ASSIGNED TASK: A verbatim repeat of the lines below is required, with the pictures removed.

GIVEN DATA:
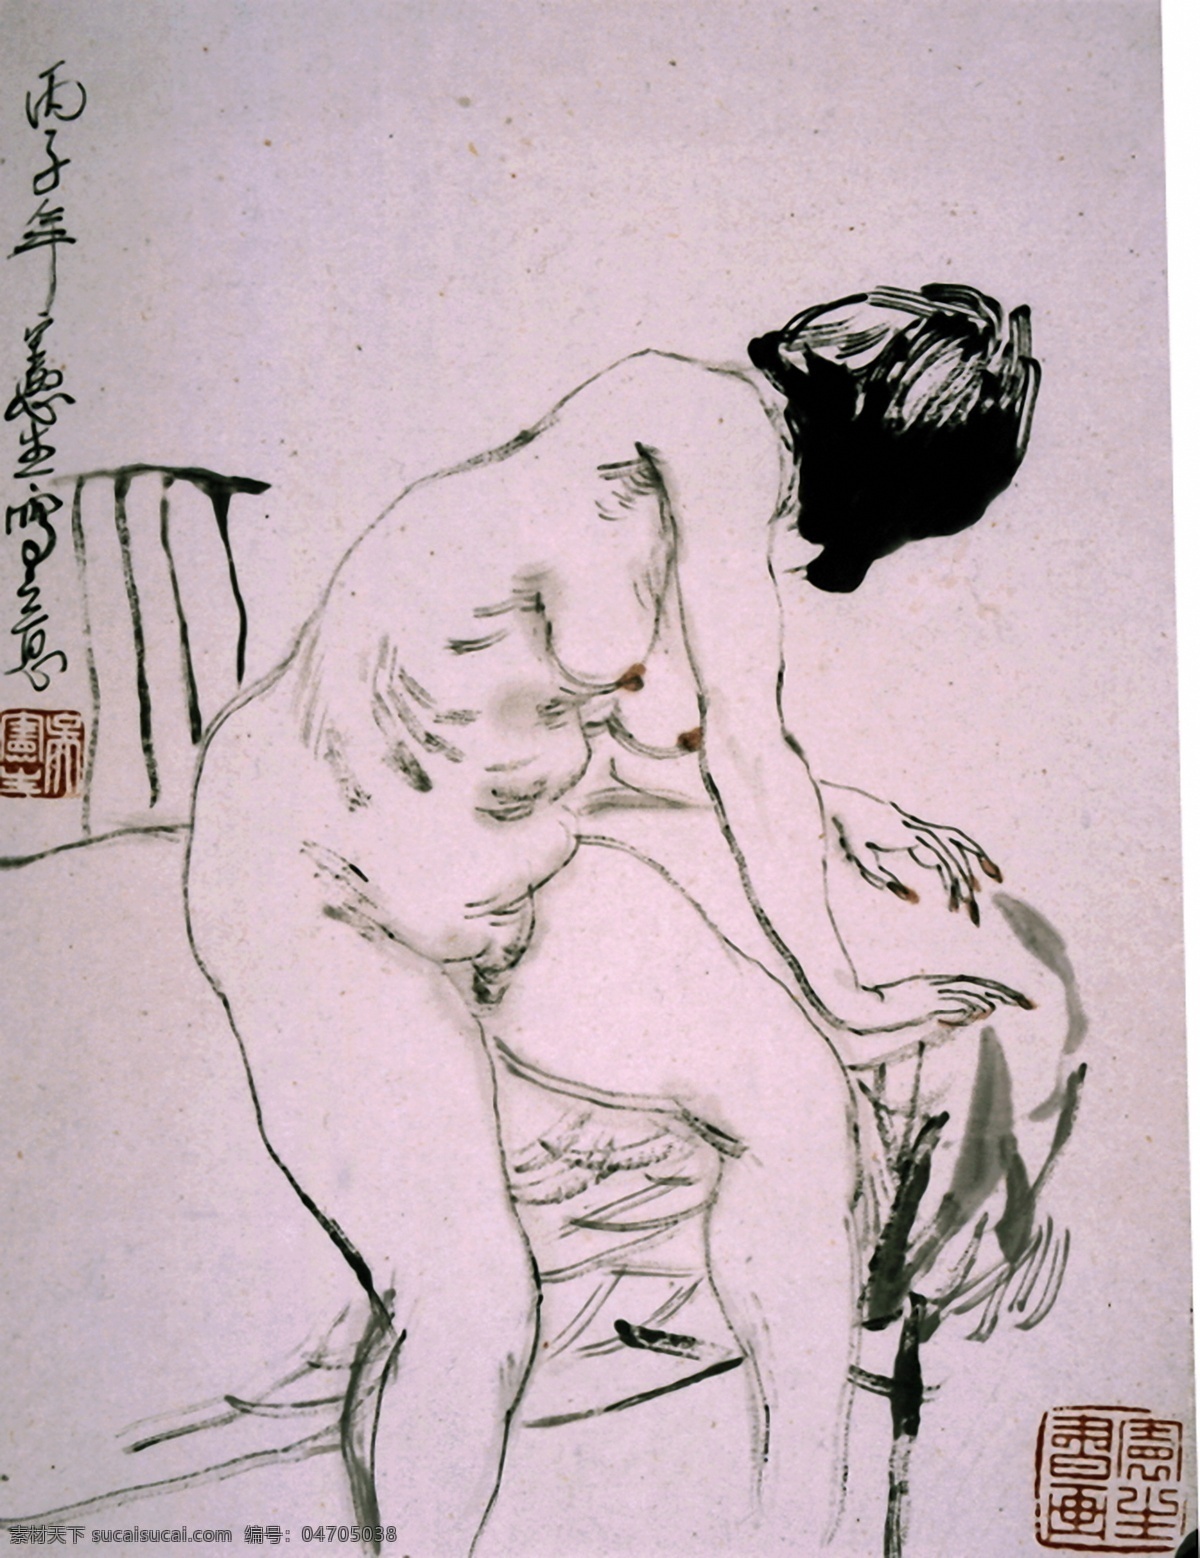 写意人体 国画0080 国画 设计素材 人物画篇 中国画篇 书画美术 灰色
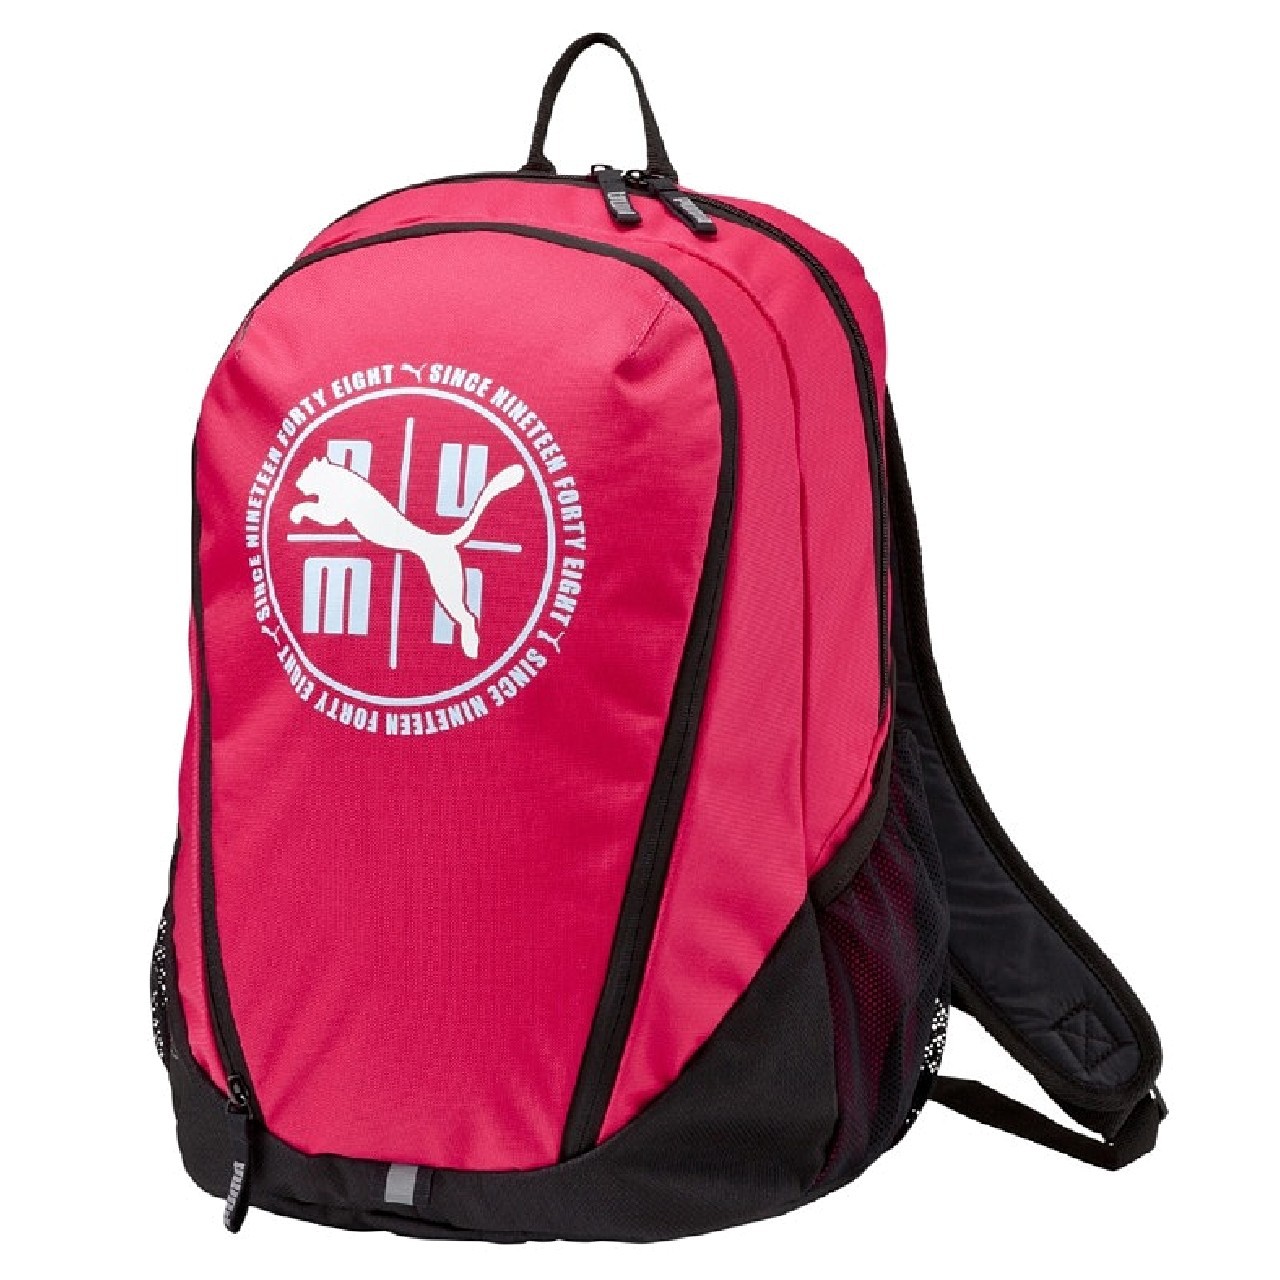 Puma Echo Backpack Sportrucksack Backpack Tasche Bag
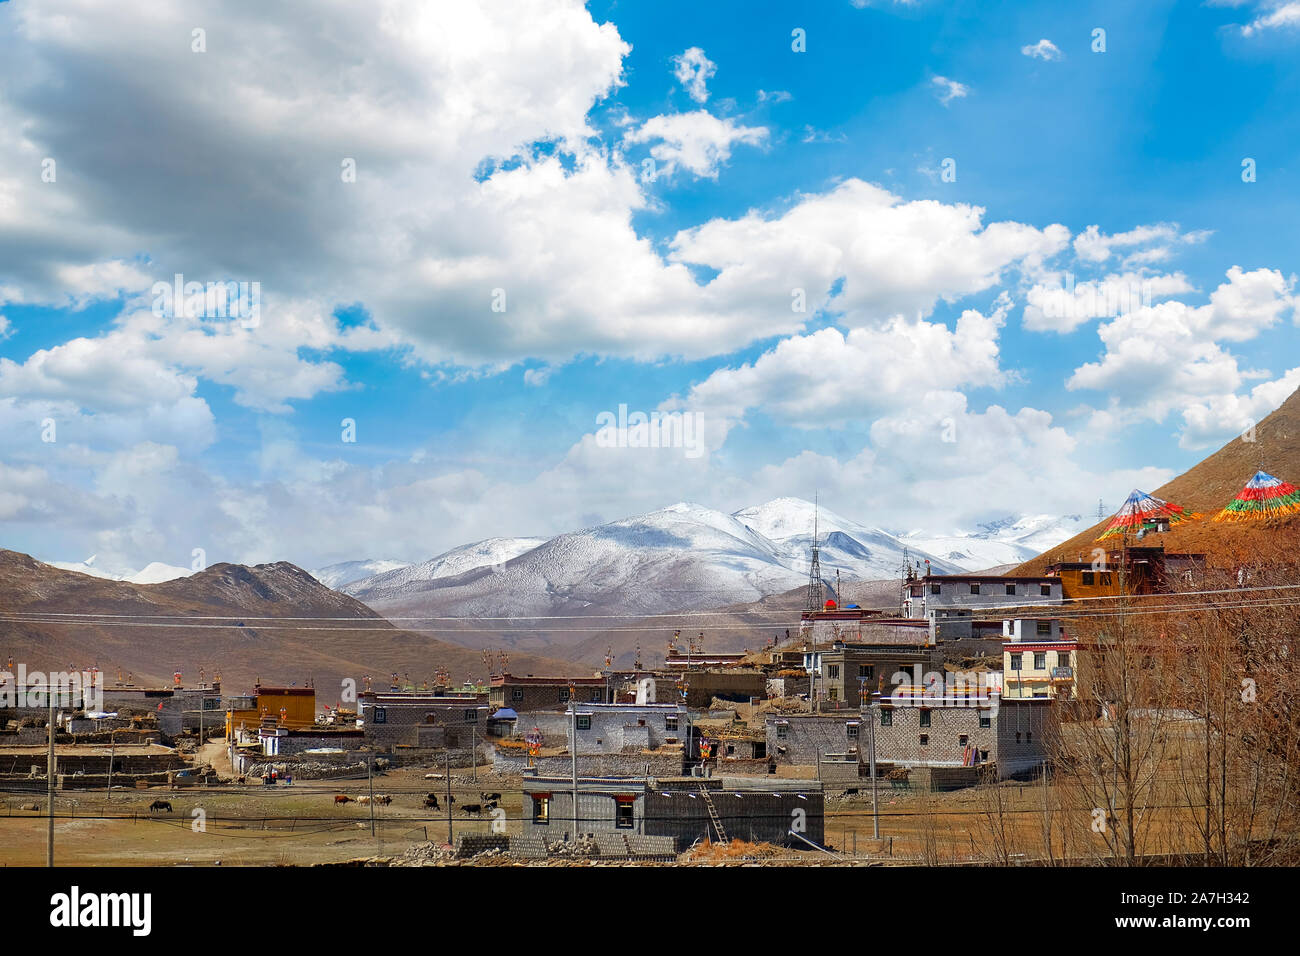 Vue de village traditionnelle tibétaine contre l'Himalaya, contre un ciel bleu couvert par des nuages blancs. Banque D'Images
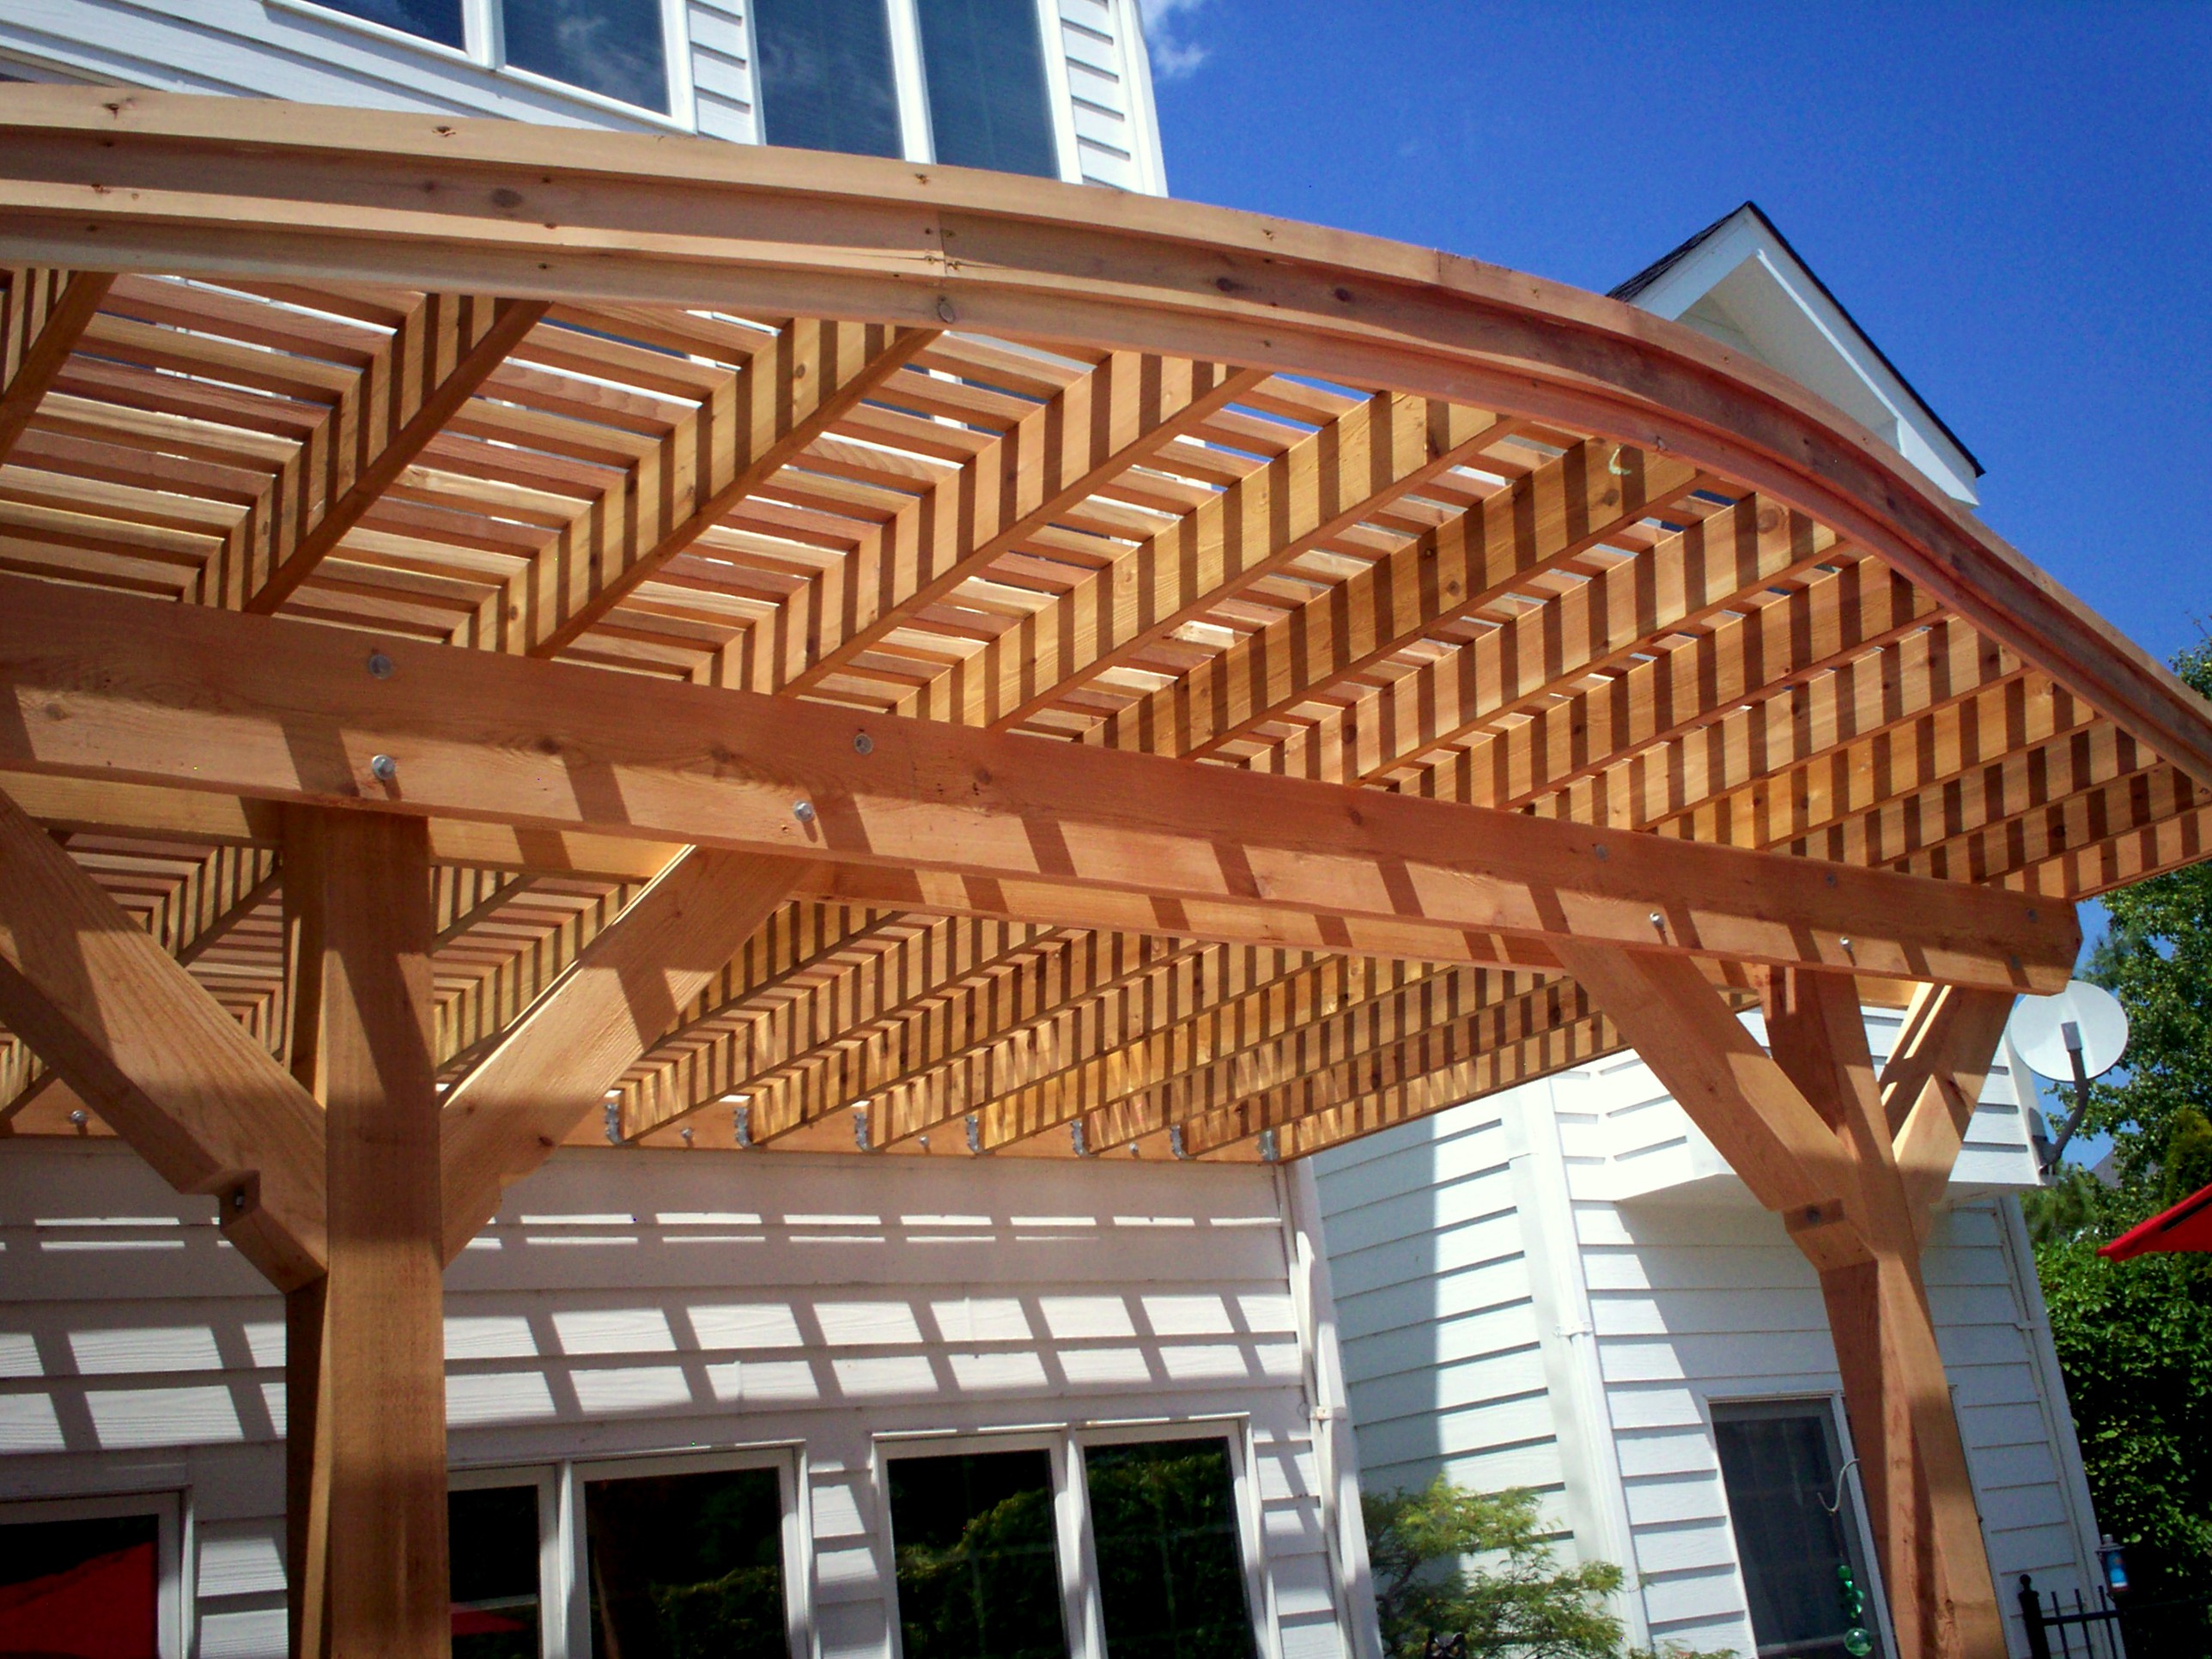 Aesthetic Decks, Porches, Pergolas in St. Louis: Where design ...

REPLY TO THE TASK:
 写意人体 国画0080 国画 设计素材 人物画篇 中国画篇 书画美术 灰色
 Puma Echo Backpack Sportrucksack Backpack Tasche Bag
 Vue de village traditionnelle tibétaine contre l'Himalaya, contre un ciel bleu couvert par des nuages blancs. Banque D'Images
 Aesthetic Decks, Porches, Pergolas in St. Louis: Where design ...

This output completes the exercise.